DENMARK | Friday, 19 April 2013 | Views [143] | Scholarship Entry

Like most Danish words, "hygge" isn't pronounced the way it looks (it rhymes with the English word "sugar" – say it like "hugar"). The Danes proudly boast that it has no English equivalent, and they're right to an extent. The word is usually translated as "cosy", but that doesn't convey the great importance with which the concept of "hygge" is held in Danish society.

It means snuggling up under a blanket in front of a fire, but also the feeling of spending time with friends on a warm summer afternoon. Hmm. This is more confusing than I first thought.

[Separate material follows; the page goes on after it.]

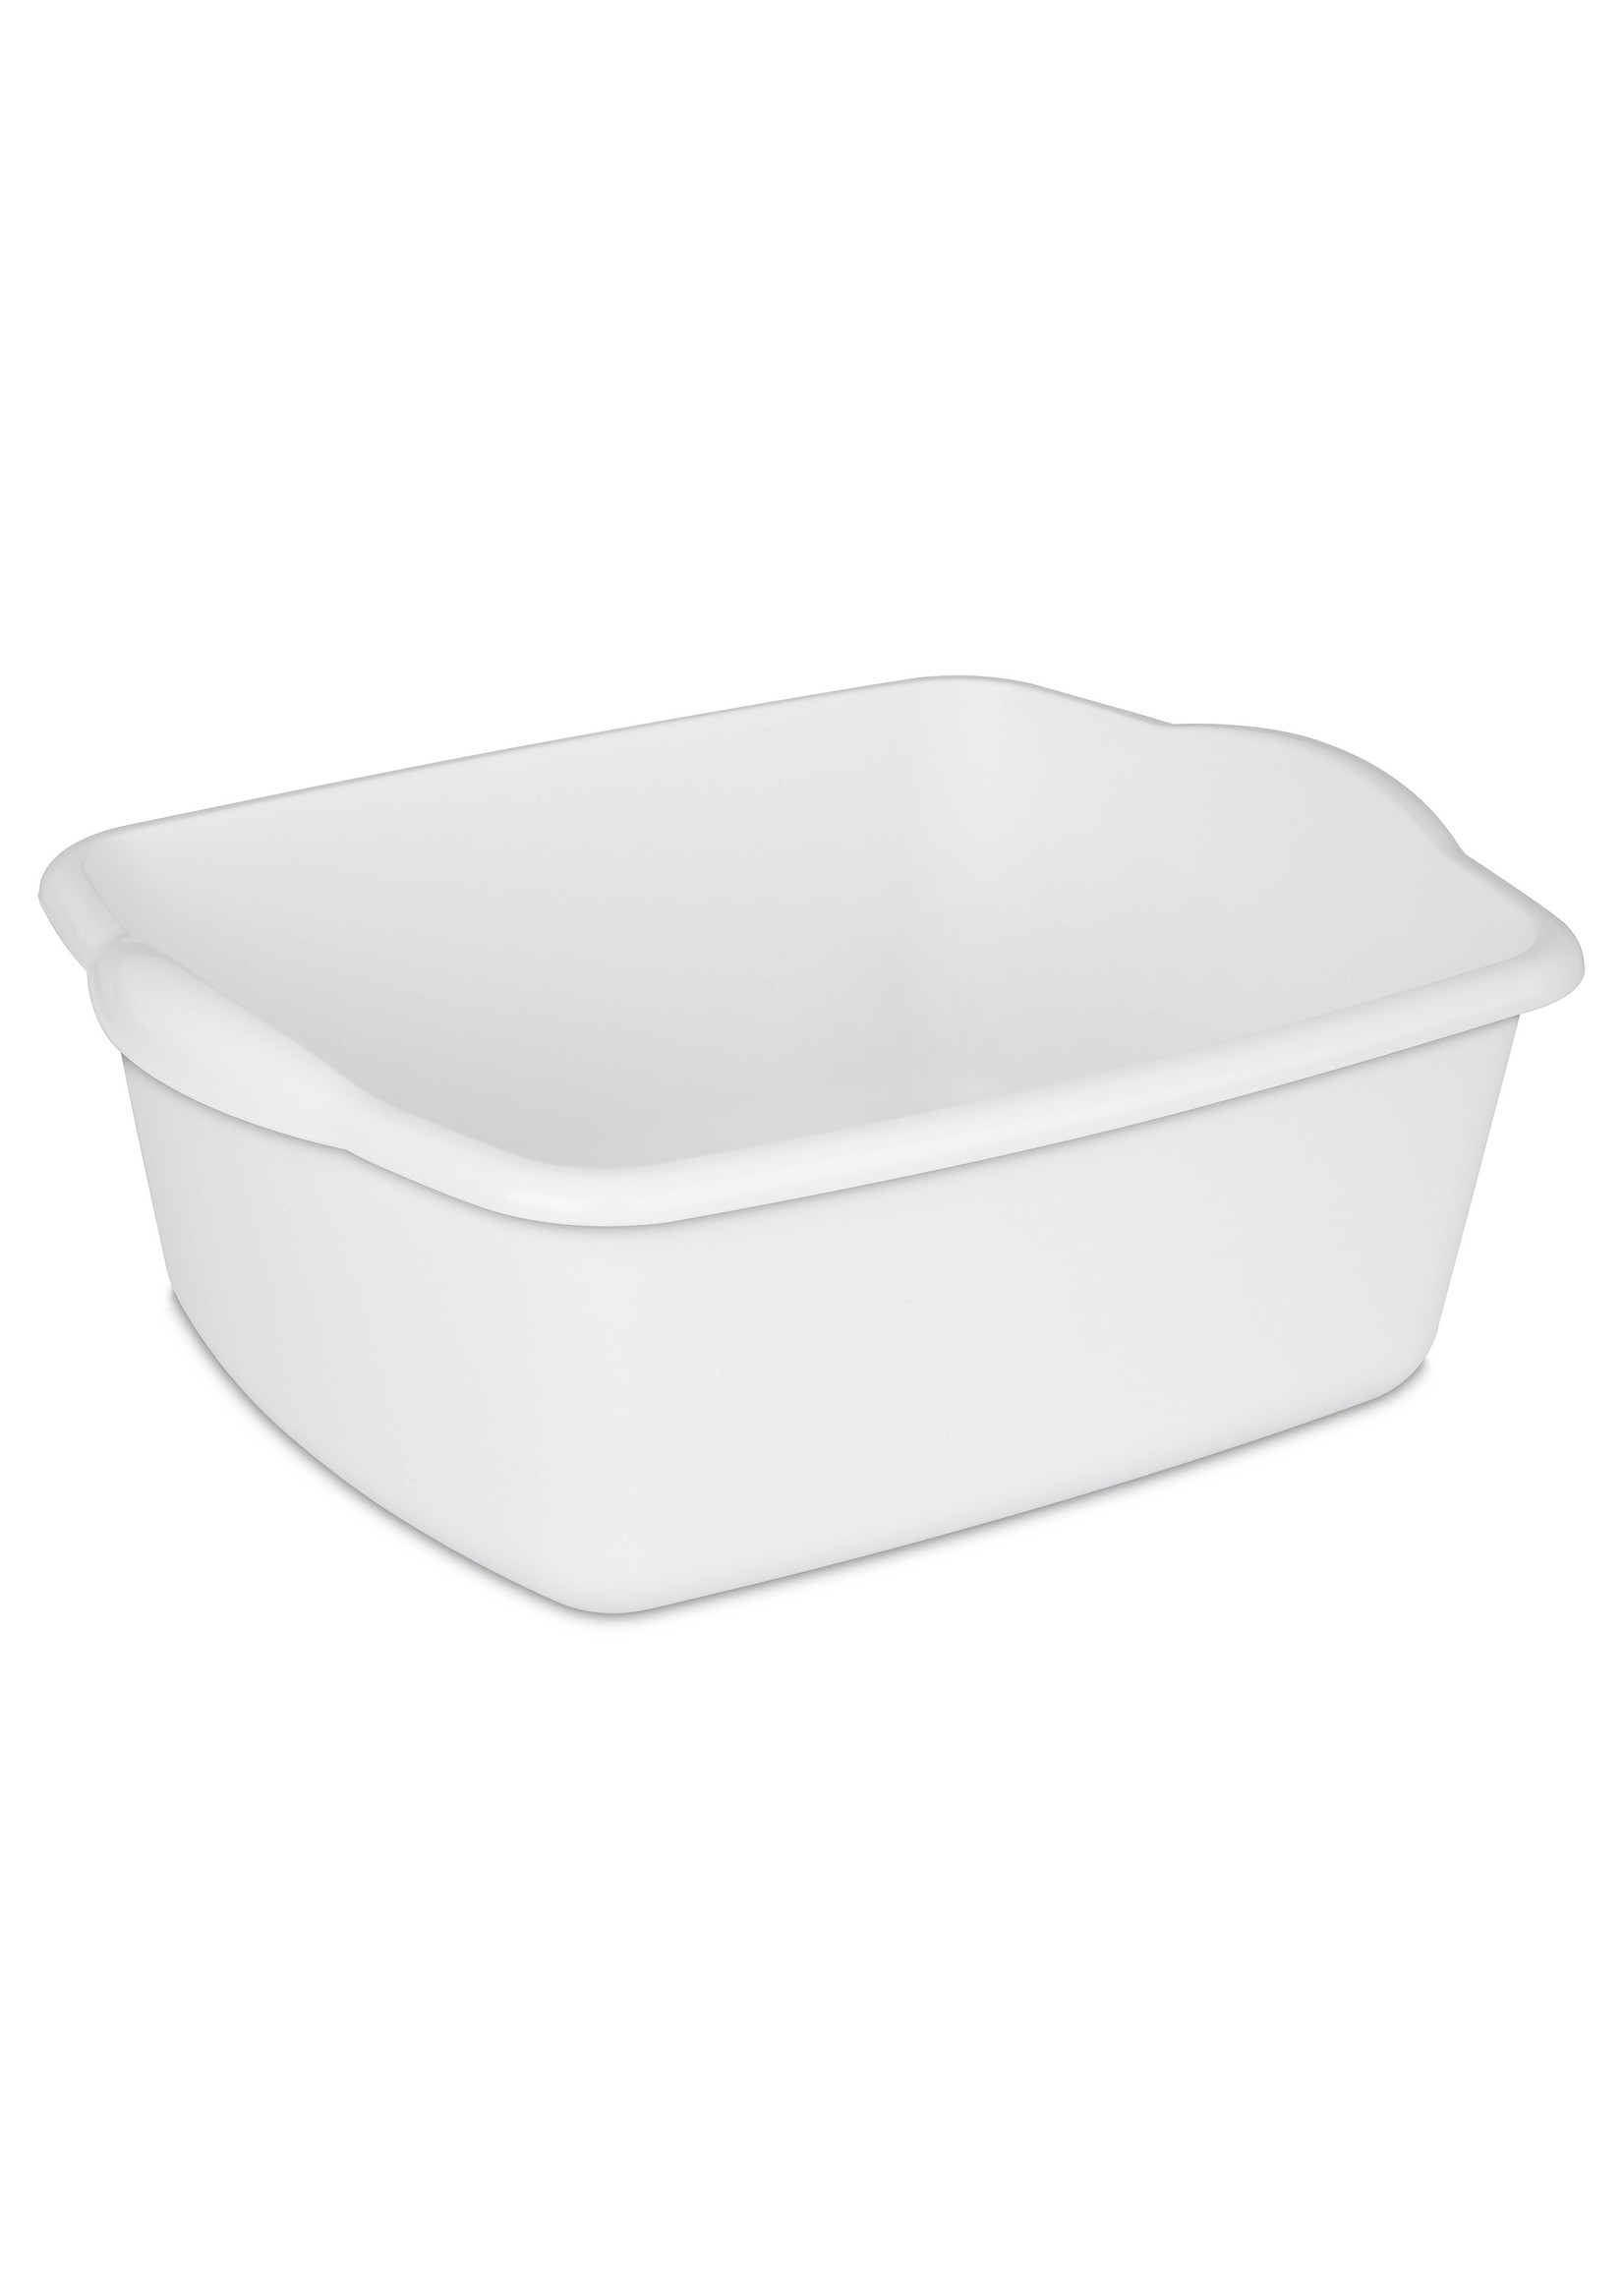 B2 FASHIONS INC 11.4 L White Dishpan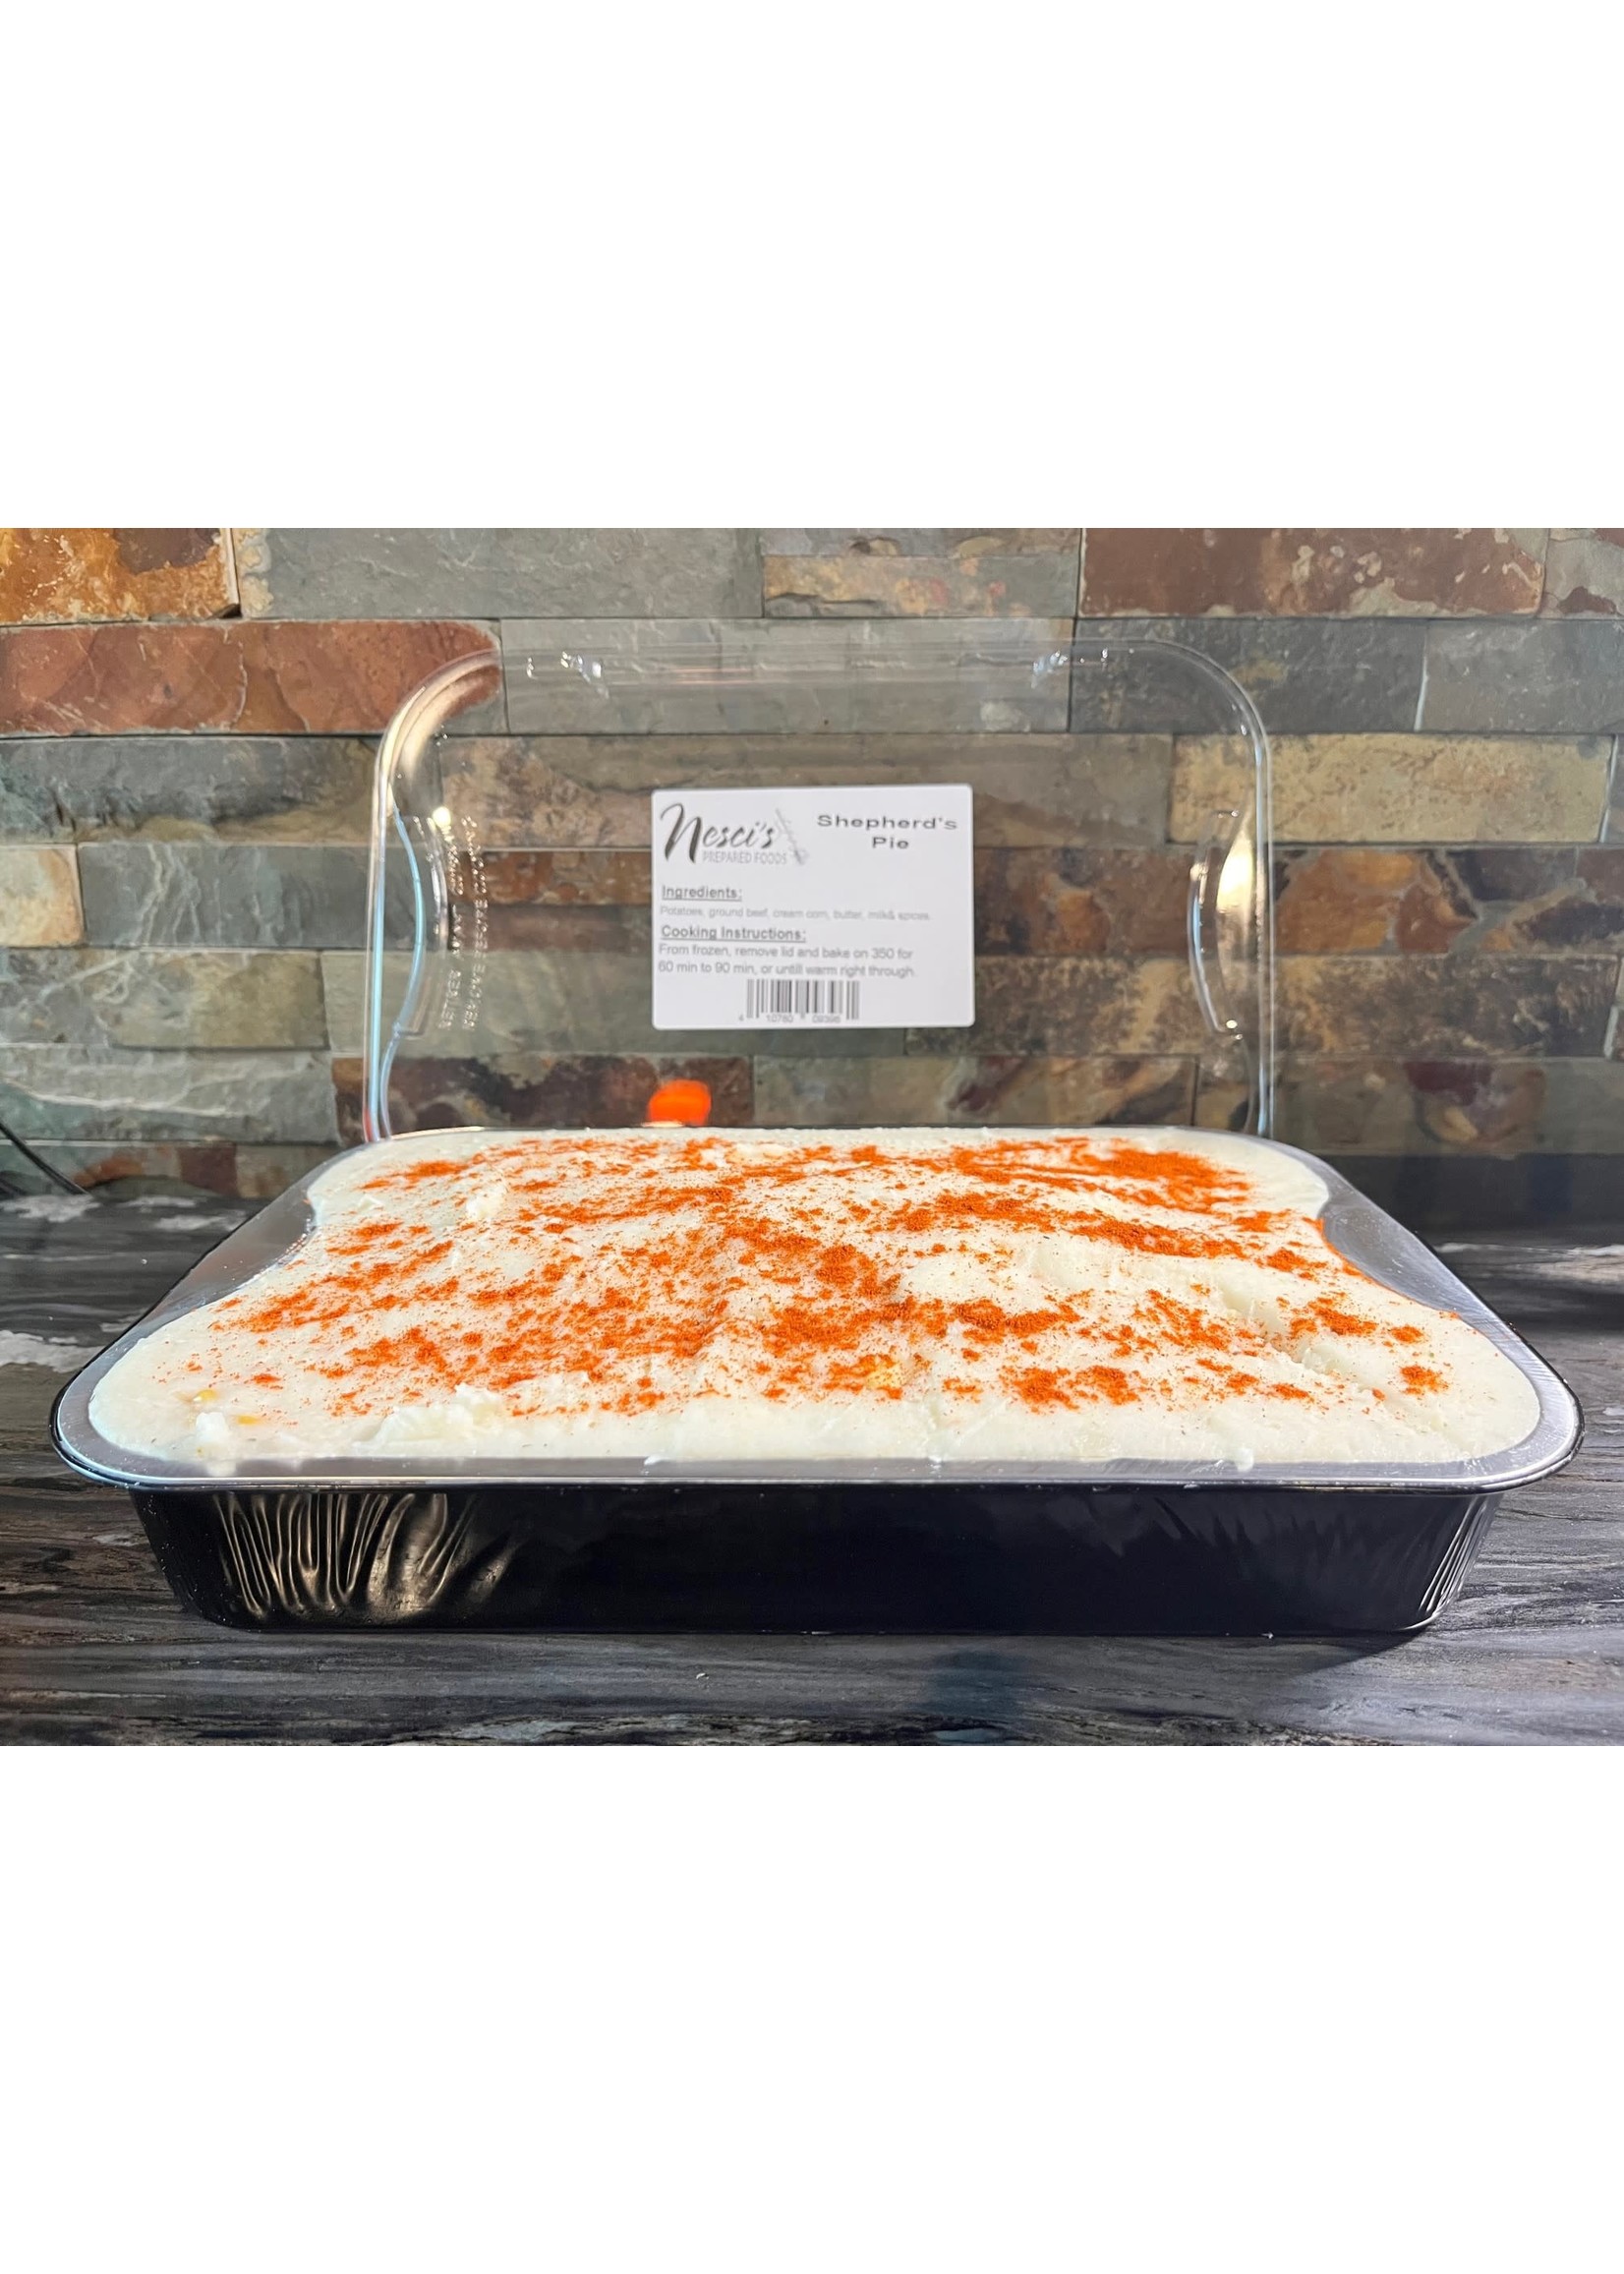 Nesci's Prepared Meals Shepherd's Pie - Large

The best way to understand a foreign concept is, as always, to experience it firsthand. The Danes have a reputation for being standoffish towards outsiders, but Iason – a friend of a friend – has been an incredible host since this road-weary Australian arrived on his doorstep. Like most modern Vikings, however, he isn't one for talking about friendship and feelings: instead, he cooks his feelings for you and serves them for dinner.

And they are delicious.

Tonight, his feelings take the form of a thick potato and bacon soup, topped with rye bread fried in butter and mushrooms fried in cream. Just last night, I ate at Noma – which, having been crowned the world's best restaurant three years running, I had to book months in advance – but Iason's simple dinner satisfies me much more deeply. It touches something inside me that the intricate and expensive food at Noma couldn't.

This is true soul food.

Though my stomach can't quite believe it, there is dessert: risengrød, or rice porridge. Made like risotto, with milk instead of stock, it's eaten for breakfast, dinner or supper. At Christmastime, it's always topped with a warm cherry sauce, but tonight we eat it with – sit down if you aren't already – a knob of butter and a sprinkling of cinnamon sugar.

I breathe in its sweet steam while I sit in the kitchen with my new friend, and look out at the snowy streets of Copenhagen. So this is "hygge". It's been inside me all along, but I never had the word for it.